Daily Record

I thought I needed new glasses but headaches turned out to be tumour

Beth backs campaign urging everyone to get eye checks

- BY HELEN LE CAPLAIN reporters@dailyrecor­d.co.uk

A TEENAGER who thought she needed new glasses was stunned when a routine eye test showed up a deadly brain tumour.

Beth McKendrick-Rafferty, 14, who has worn glasses since she was a toddler, had started suffering “stabbing” headaches and assumed she needed a new prescripti­on.

During an appointmen­t at Specsavers, Beth, of Hamilton, passed the reading tests no problem.

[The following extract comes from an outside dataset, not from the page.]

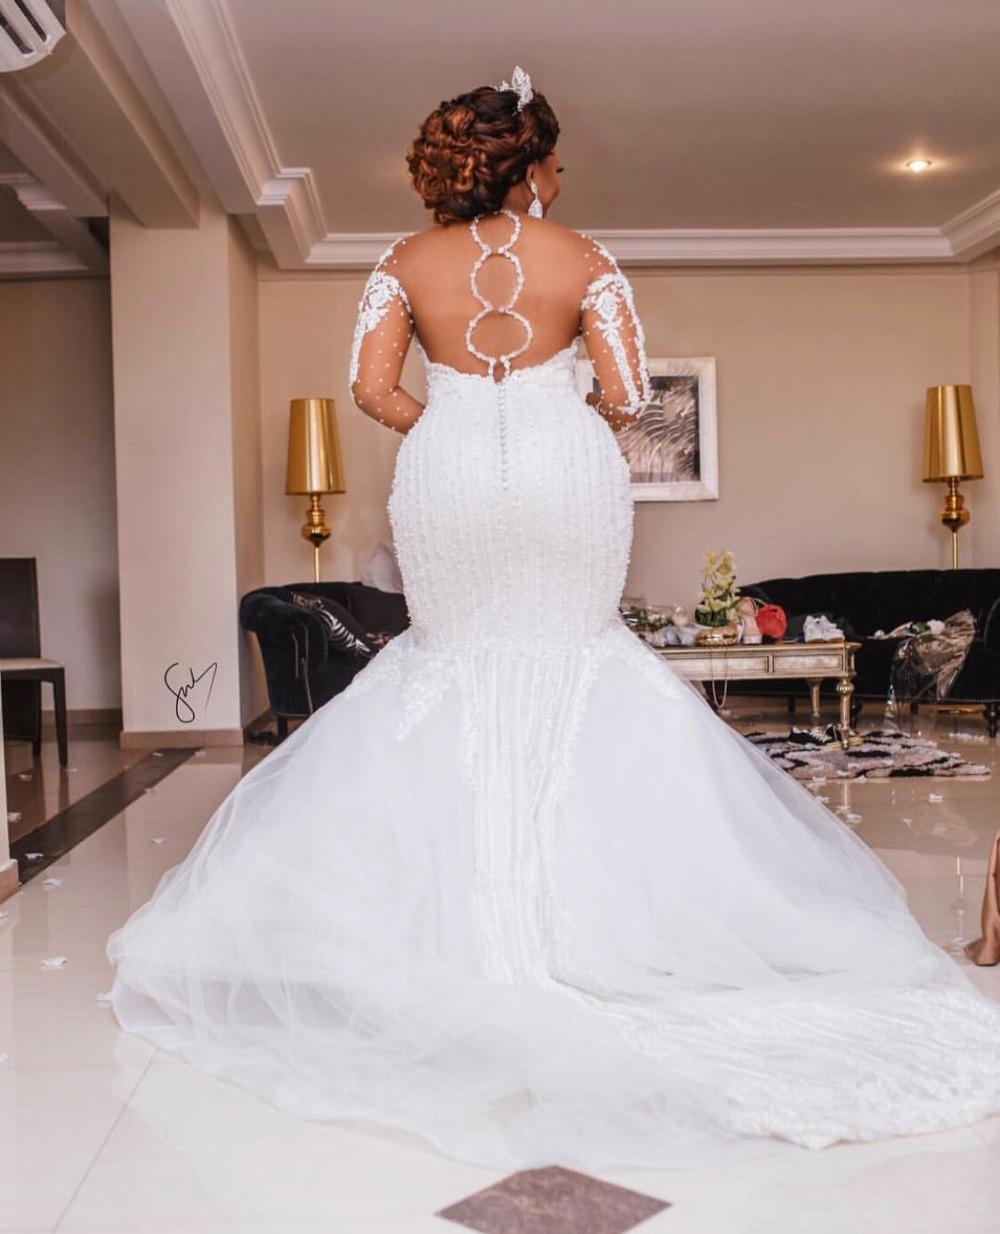 Africano de luxo beading sereia vestido de casamento manga longa apliques pérolas vestidos de casamento plus size preto noiva - 2

However, opticians spotted a large shadow at the back of Beth’s right eye and after numerous tests, CT scans and an MRI scan, she was given the devastatin­g news that she had a brain tumour.

The large benign mass behind her right eye, called a pilocytic astrocytom­a, was pressing on the optic nerve and, if left untreated, could have caused blindness and strokes.

Thankfully, four ops and 52 weeks of chemothera­py were a success and the tumour reduced in size, though Beth must live with it forever.

Now she and mum Claire, 53, are sharing her story during National Eye Health Week to urge people to go for tests.

Claire said: “It was a devastatin­g diagnosis – to hear the word ‘tumour’ was terrifying to hear. I thought it might have been a migraine – I never thought it was going to manifest itself as being a tumour.

“If we didn’t pay a visit to Specsavers that day, who knows what the story would have been?”

Beth, who also lives with Glasgow Caledonian University lecturer dad Daniel Rafferty, 55, started having headaches in 2017 and went to the Hamilton branch of Specsavers.

The optician asked Beth to leave the room and explained to teaching assistant Claire he’d spotted signs of a tumour.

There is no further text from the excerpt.